Prior research has demonstrated that LUT is involved in the regulation of autophagy and exerts antitumor effects by modulating the PI3K/AKT pathway. Nevertheless, the efficacy of LUT against glioblastoma is hindered by its limited ability to traverse the blood-brain barrier. To tackle this challenge, WU et al have developed FA-modified NPs (FA-PEG-PCL) that enhance biocompatibility and facilitate the transportation of LUT across the blood-brain barrier, leading to its accumulation at the tumor site.¹⁴⁹ In the context of malignant cancers characterized by elevated levels of ROS, the utilization of ROS-responsive materials for drug delivery presents a promising approach for achieving controlled drug release. FU et al developed ROS-responsive nanoparticles (NPs) utilizing Poly (propylene sulfide)-poly (ethylene glycol) (PPS-PEG) polymers specifically for the treatment of melanoma.¹⁷⁷ The LUT-PPS-PEG NPs exhibited a significant in vivo anti-cancer effect, as expected. Expanding on these findings, WANG et al further modified LUT-loaded NPs with tumor-targeting FA and ROS-responsive Oxi-αCD, resulting in a substantial improvement in the antitumor efficacy of LUTs.¹⁷⁸ However, there is currently a lack of direct evidence demonstrating the ability of LUT-loaded NPs to modulate autophagy in cancer cells. In light of this, further research is needed to examine the potential role of LUT-loaded anti-cancer NPs in regulating autophagy, which provides an intriguing area for future investigation.
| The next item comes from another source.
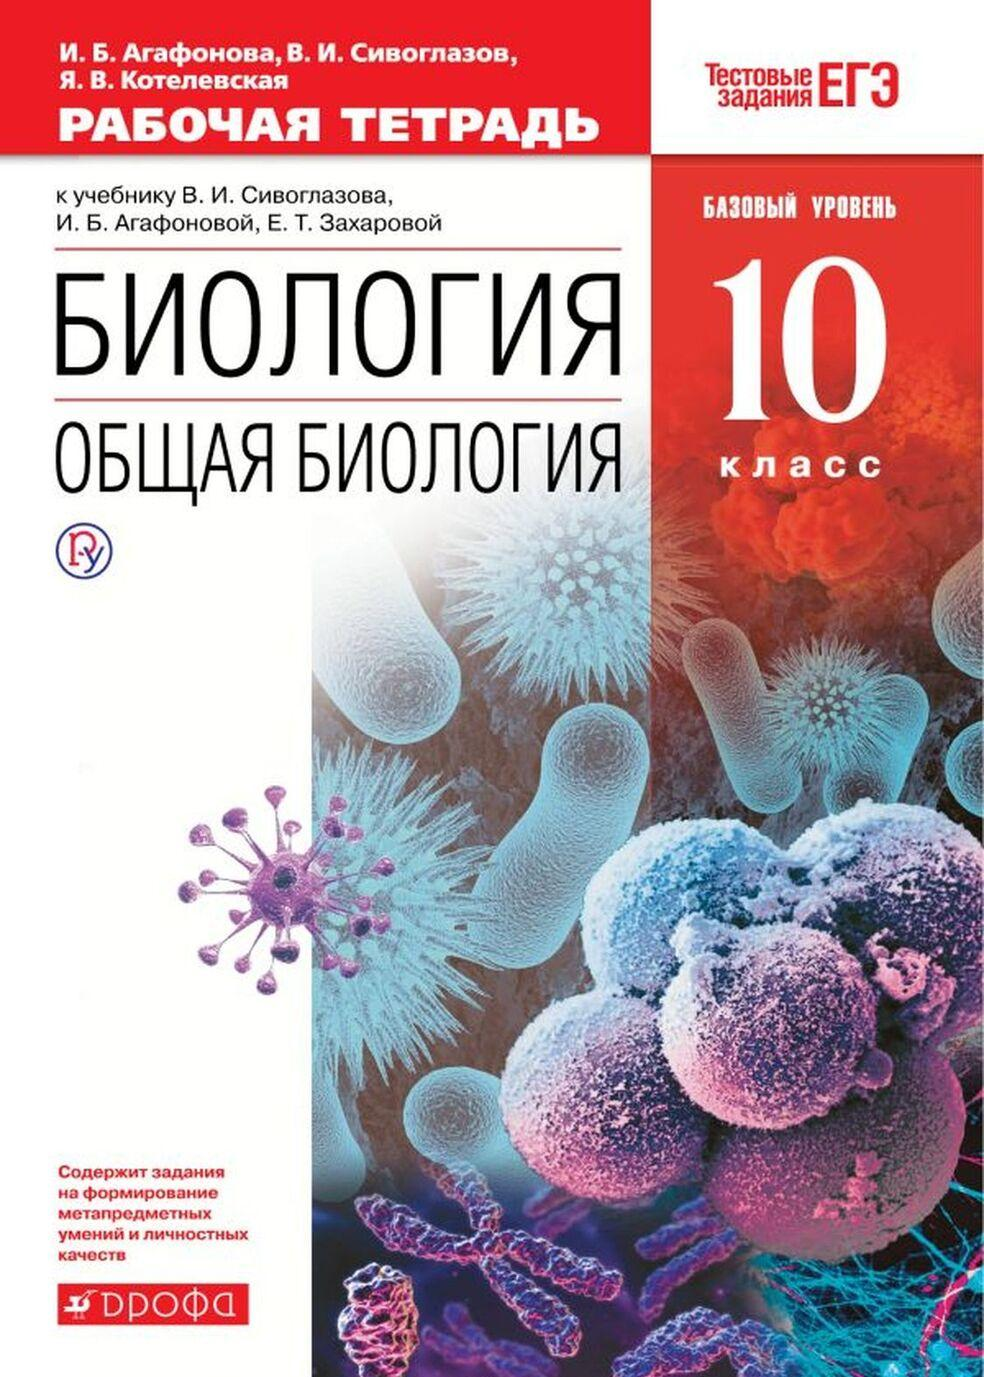 Biologija. Obschaja biologija. 10 klass. Rabochaja tetrad k uchebniku V. I. Sivoglazova, I. B. Agafonovoj, E. T. Zakharovoj. Bazovyj uroven

Epigallocatechin Gallate-Loaded NPs

Despite extensive studies on the upregulation of intracellular ATG5, Beclin1, and LC3-II induced by EGCG through various pathways, additional research is required to ascertain the comparative effectiveness of nano-delivered EGCG in inducing autophagy. To facilitate more comprehensive investigations, we present a summary of several potential strategies for delivering EGCG. Notably, FAN et al have recently developed nanoparticles by conjugating EGCG with hyaluronic acid, which specifically targets CD44, a protein that exhibits high expression in GBM cell lines. These nanoparticles facilitate the accumulation of EGCG at the tumor site and stimulate the generation of ROS, thereby inducing ferroptosis.¹⁸¹ In a separate investigation, YANG et al employed manganese carbonyl and dendritic mesoporous silicon as carriers for delivering EGCG. The study provided evidence that EGCG functions as an inhibitor of HSP90, thereby enhancing PTT.¹⁸² Considering the established correlation between HSP90 and autophagy, it would be intriguing to investigate whether autophagy plays a more direct role in tumor treatment when utilizing these nanodrugs.¹⁷⁹ Furthermore, extensive research has been conducted on a nano-delivery system employing inorganic zinc as a carrier for loading EGCG.¹⁸³ Similarly, the development of EGCG-loaded liposomes incorporating FA has been pursued for the targeted treatment of colon cancer.¹⁸⁴

α-Mangostin Loaded NPs

As previously stated, MGT exhibits significant antitumor efficacy, prompting the development of diverse PEG-based nano-delivery systems for its administration. Notably, MGT-loaded MPEG-PCL nanoparticles have been employed for melanoma therapy,¹⁸⁶ while MGT-loaded PEG-PLA nanoparticles have been explored for pancreatic cancer treatment.¹⁸⁷ In a breast cancer study, liposomes were utilized as carriers for MGT, leading to the dissolution of breast cancer tumors at lower concentrations compared to free MGT, thereby underscoring the enhanced effectiveness of the nanoparticle formulation.¹⁸⁸ In addition, both cyclodextrins and PEI have been employed as carriers for the delivery of MGT. The encapsulation of MGT in nanoparticles has demonstrated enhancements in drug biocompatibility and penetration, reductions in hematotoxicity, and improvements in its anti-cancer proliferative effects.^189,190 It is important to highlight that autophagy induction by MGT has been extensively established through various pathways, including PI3K/AKT/mTOR, AMPK, and STAT3. Therefore, the utilization of MGT-containing nanoparticles presents a promising strategy for inducing autophagy in cancer cells.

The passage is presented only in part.